Cy3-direct eliminates false positives and enhances the resolution of comparative proteomics (a) Schematic of Cy3-direct method, compared to the biotin-SA method. (b) In-gel fluorescence scanning and SDS/PAGE detection of copper-catalyzed conjugation of Cy3-Alkyne to ANL-labeled proteins derived from the MetRS^L274G and C57BL/6 myoblast lysates (all cells were treated with ANL). (c) Representative images of BONCAT antibody arrays with Cy3-direct and biotin-SA methods. Less false positives (C57.B6) and higher signal detection (MetRS^L274G) are visible. (d) Heat map of the proteome that was resolved in multiple Cy3-direct and biotin-SA BONCAT antibody arrays demonstrate significant decrease in the false positives (MetRS^L274G vs.

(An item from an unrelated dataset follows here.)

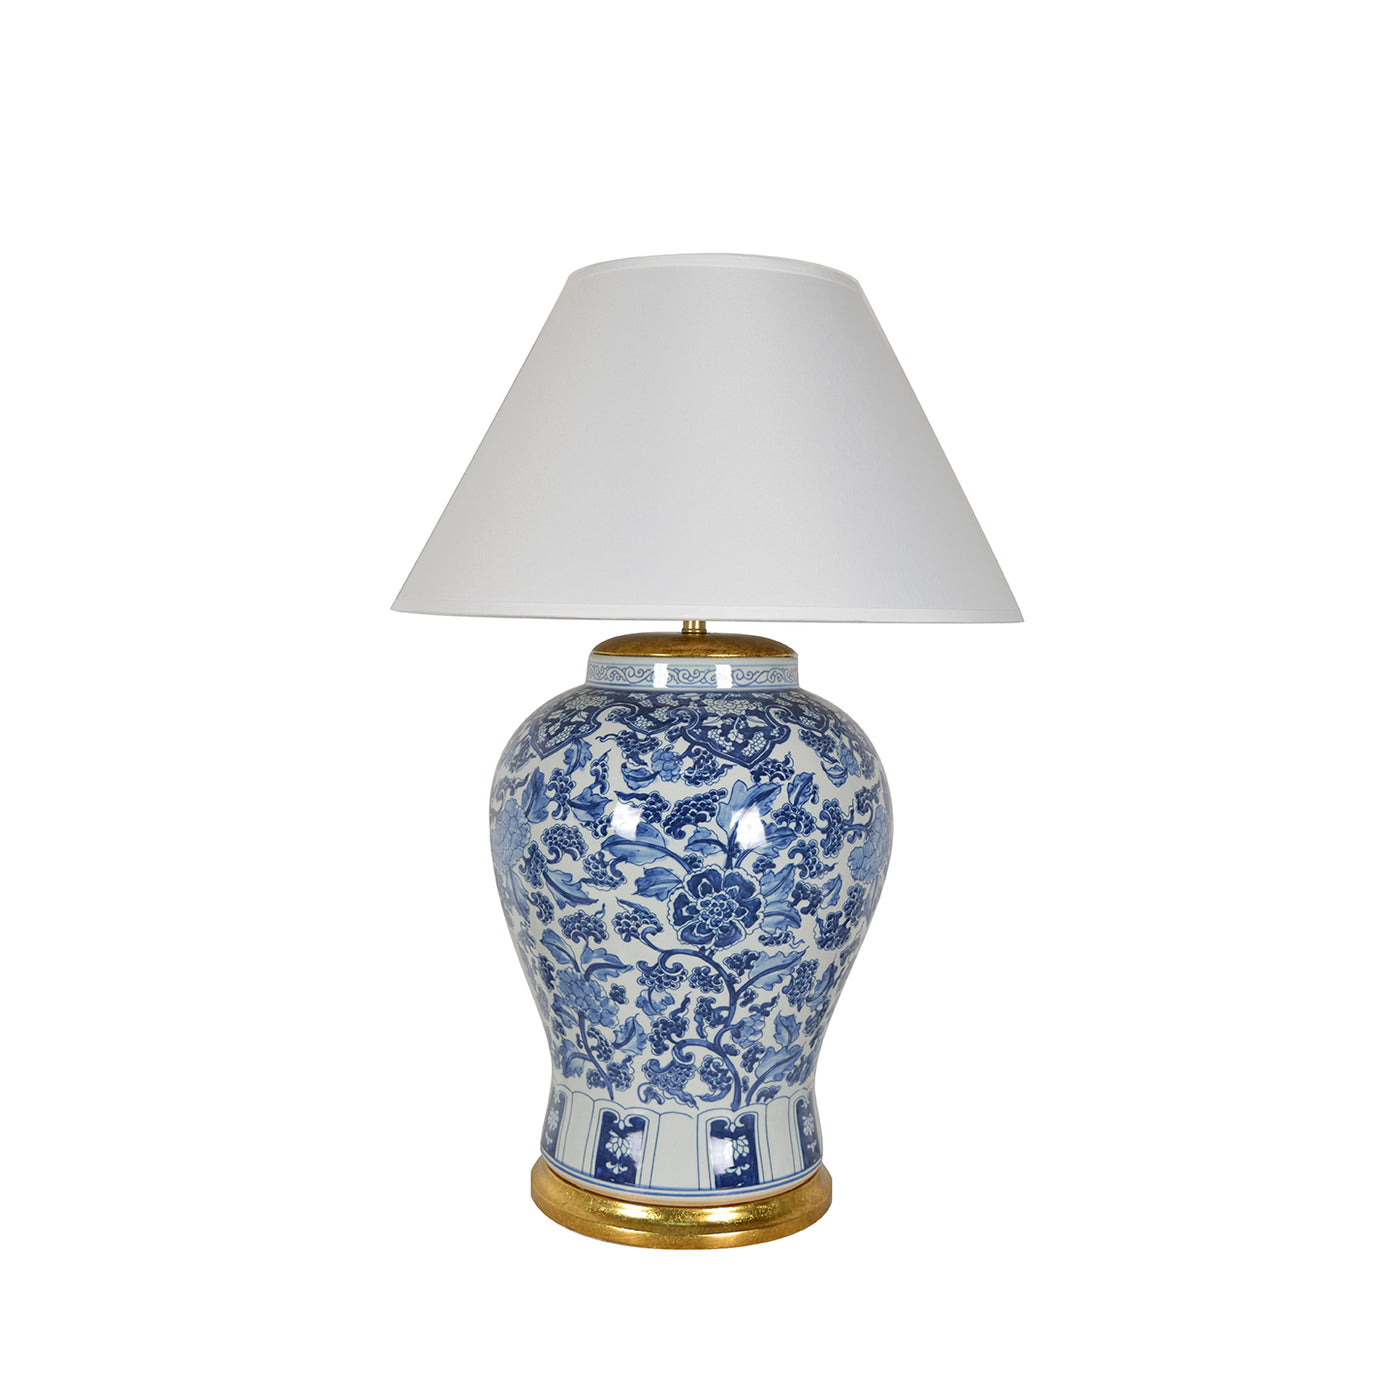 white and blue porcelain vase lamp with white empire shade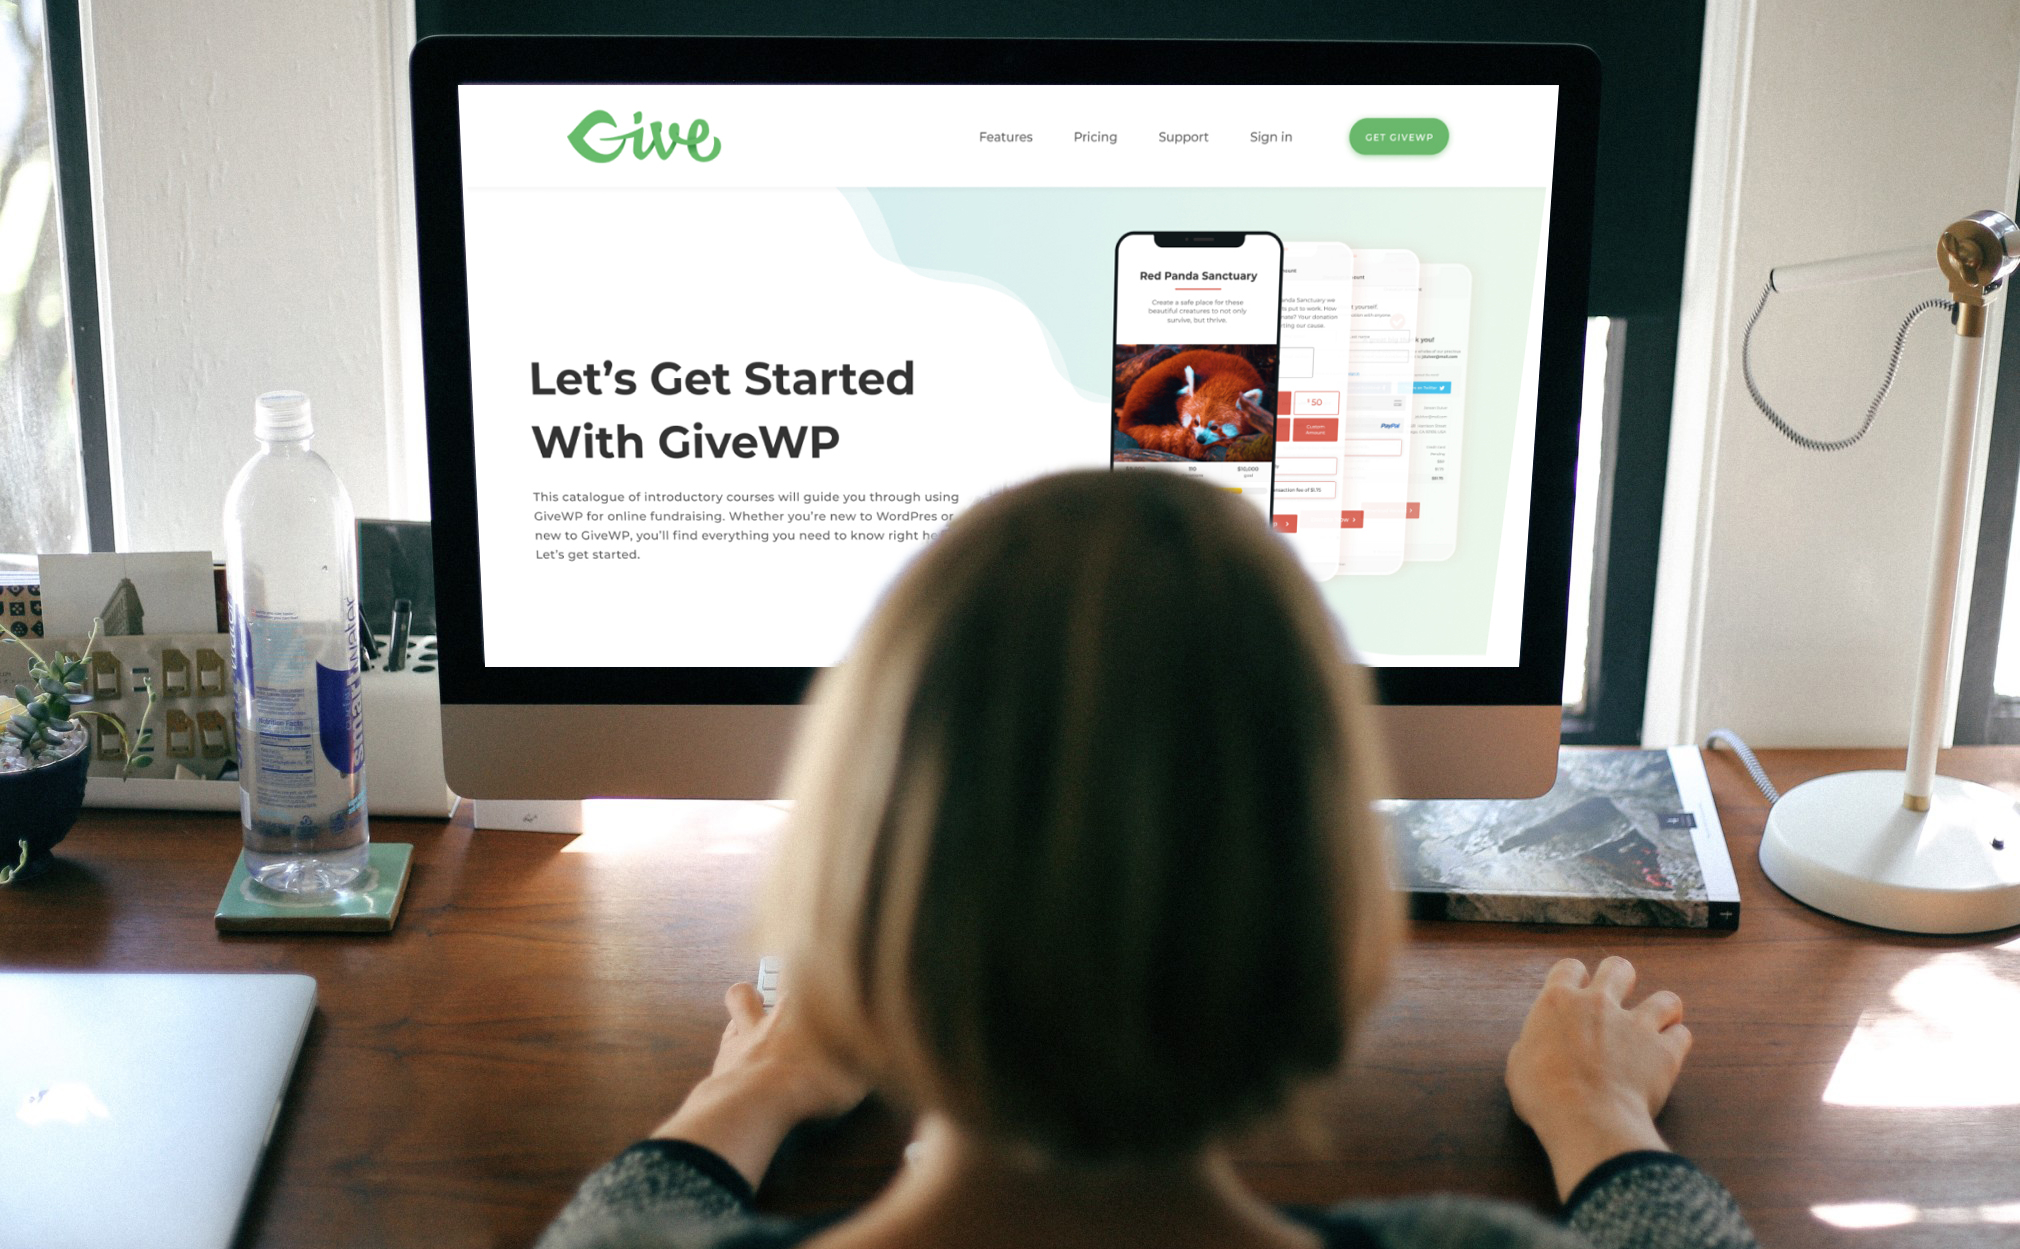 The GiveWP Getting Started Guide will be easy to access for anyone from the GiveWP website.

C57BL/6 myoblast treated with ANL), which is accompanied by the significant increase in the detection of the studied 308 proteins. N = 4–6, p < 0.05 MetRS^L274G versus C57BL/6. (e) Heat map of the proteome comparing application of SA-Cy3 before versus after hybridization of Cy3-clicked protein lysates to the arrays. SDS/PAGE, sodium dodecyl sulfate-polyacrylamide gel electrophoresis.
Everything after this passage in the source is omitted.